My previous blog post focused on Chinese limitations for international tech companies to partner with domestic firms. Oppositely, China hopes to help domestic firms spread influence globally to slow the current economic slowdown. The ruling State Council announced that the government should simplify the process through which companies set up overseas facilities and support investment outside of domestic reach. Apparently, restrictions and costs stand as a barrier for Chinese industry to reach out internationally. Premier Li Keqiang hopes to eliminate these obstacles to help boost growth.
Ironically, he supports partnerships with international firms to increase technical knowledge of domestic companies, who face slow market growth in China. In particular, consumer goods, railways, and nuclear energy represent sectors ready to make a global impact.

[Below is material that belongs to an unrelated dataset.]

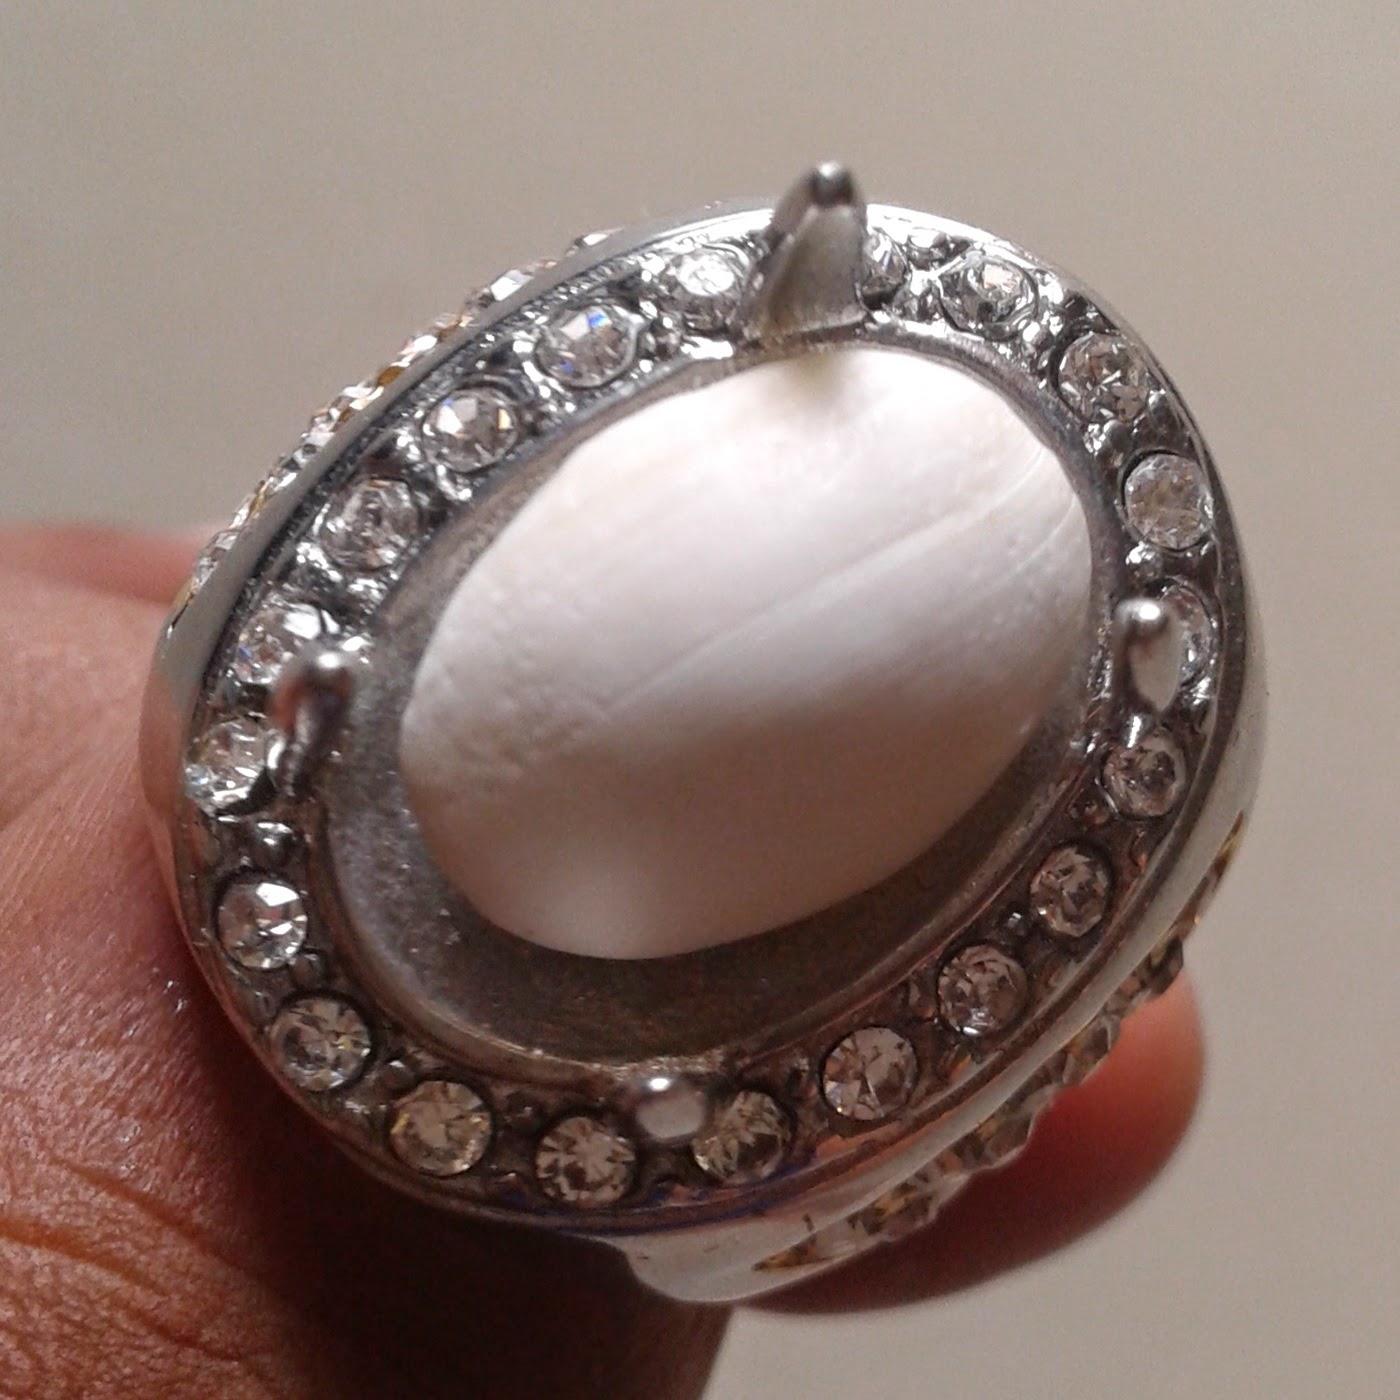 Batu Mustika Kelapa - Mustika Kelapa Bertuah _ Manfaat Batu Mustika Kelapa - Tuah Batu Mustika Kelapa

Developing countries appear to be a large market for China’s multitude of engineering firms with the knowledge and capability to provide necessary equipment and services for projects. This notion parallels the recent push by Beijing to foster a Silk Road that could connect the region’s countries through infrastructure investment. Previous blogs have touched on this initiative, which the Chinese President believes subsequent annual trade with such countries could reach $2.5 trillion in ten years.

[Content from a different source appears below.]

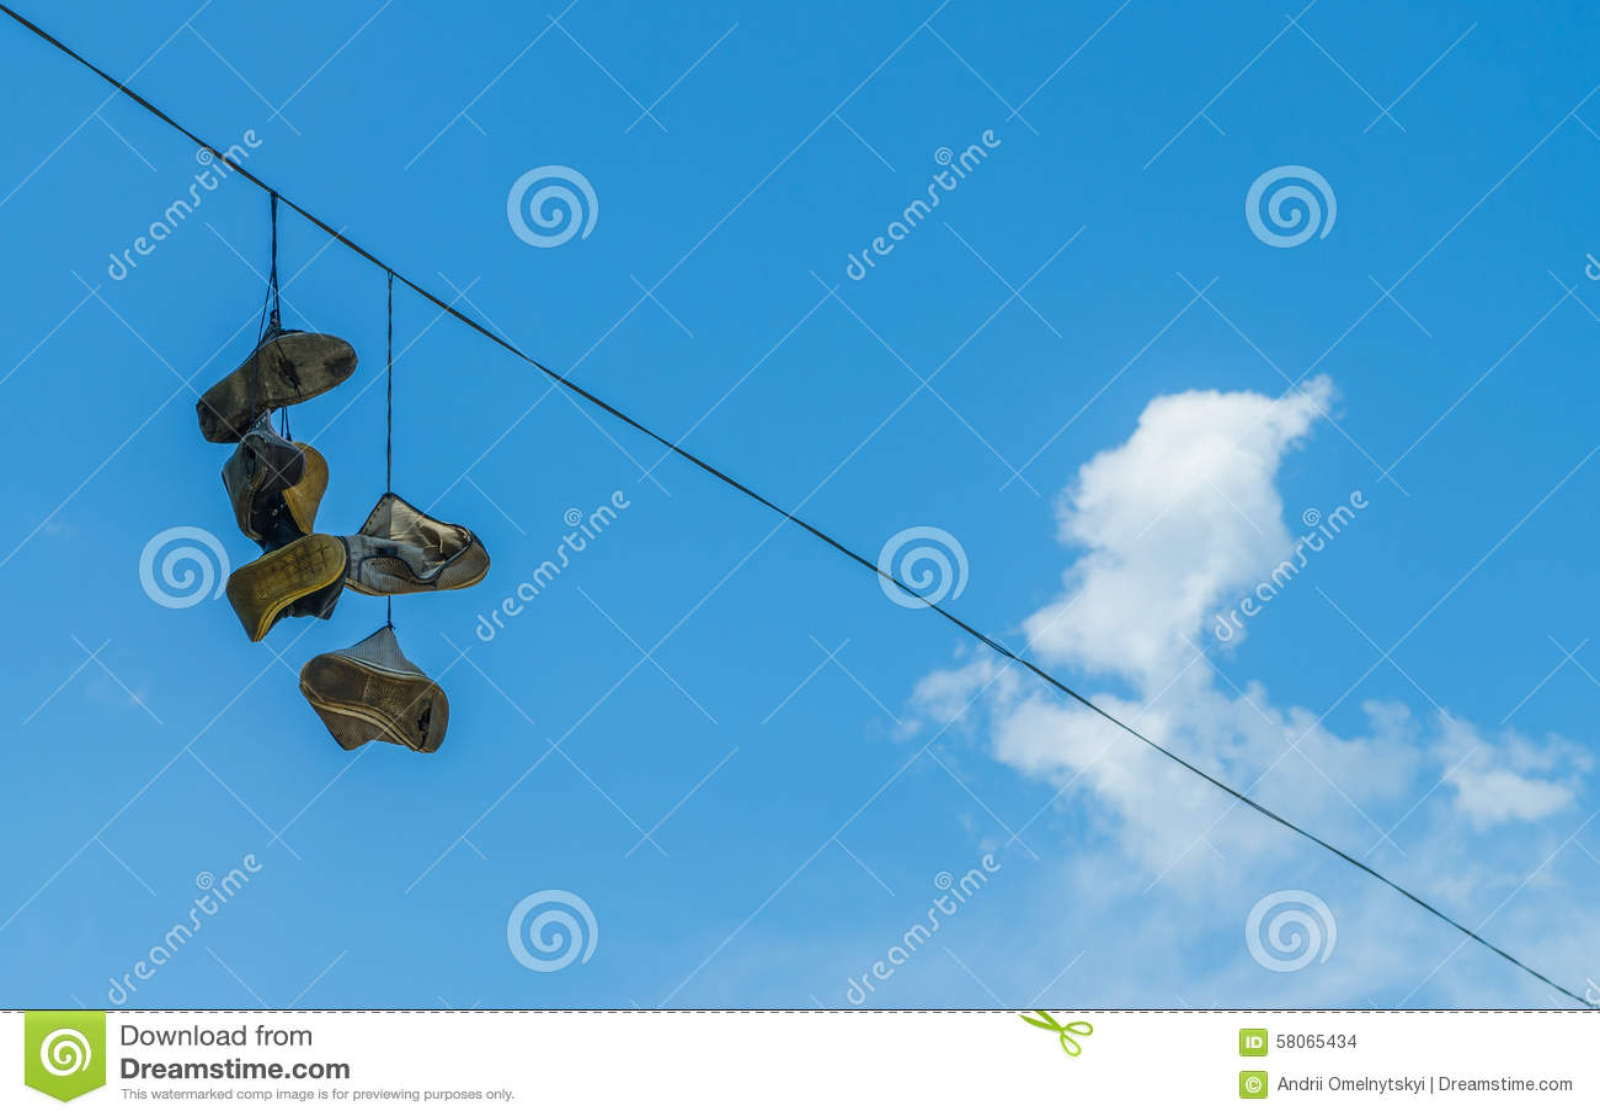 La paix est une bénédiction Chaussures Sur Sur Sur La Ligne électrique Photo stock Image du fond 0d4114

Overall, these initiatives, which aim to increase Chinese presence and competitiveness on an international scale, represent fear of the economic slowdown and a desire to become a global “industry” powerhouse.
http://www.reuters.com/article/2015/04/04/us-china-economy-overseas-idUSKBN0MV02G20150404
As you note with the reference to the Silk Road projects, this is more a long-term strategy than a short-term one. At one time the Bank of China could argue that it needed to preserve foreign exchange reserves to forestall running out of hard currency, which would trigger a foreign exchange crisis (cf. the 1997-8 Asian financial crisis and more recent problems in Argentina, among others). However China now sits on $4 trillion in foreign reserves, so there’s a short-term surfeit, and a long-term goal of moving to a floating exchange rate. Allowing outgoing FDI is a natural response.
How does outgoing FDI help the domestic economy? It creates at most a few headquarters jobs at home (and may in fact lead to shutting down a factory inside China to open one in Vietnam or Myanmar or Bangladesh). Most firms have money to burn. Or is that the answer? — management prefers to fritter away excess cash on nice-sounding ventures rather than return funds to stakeholders?!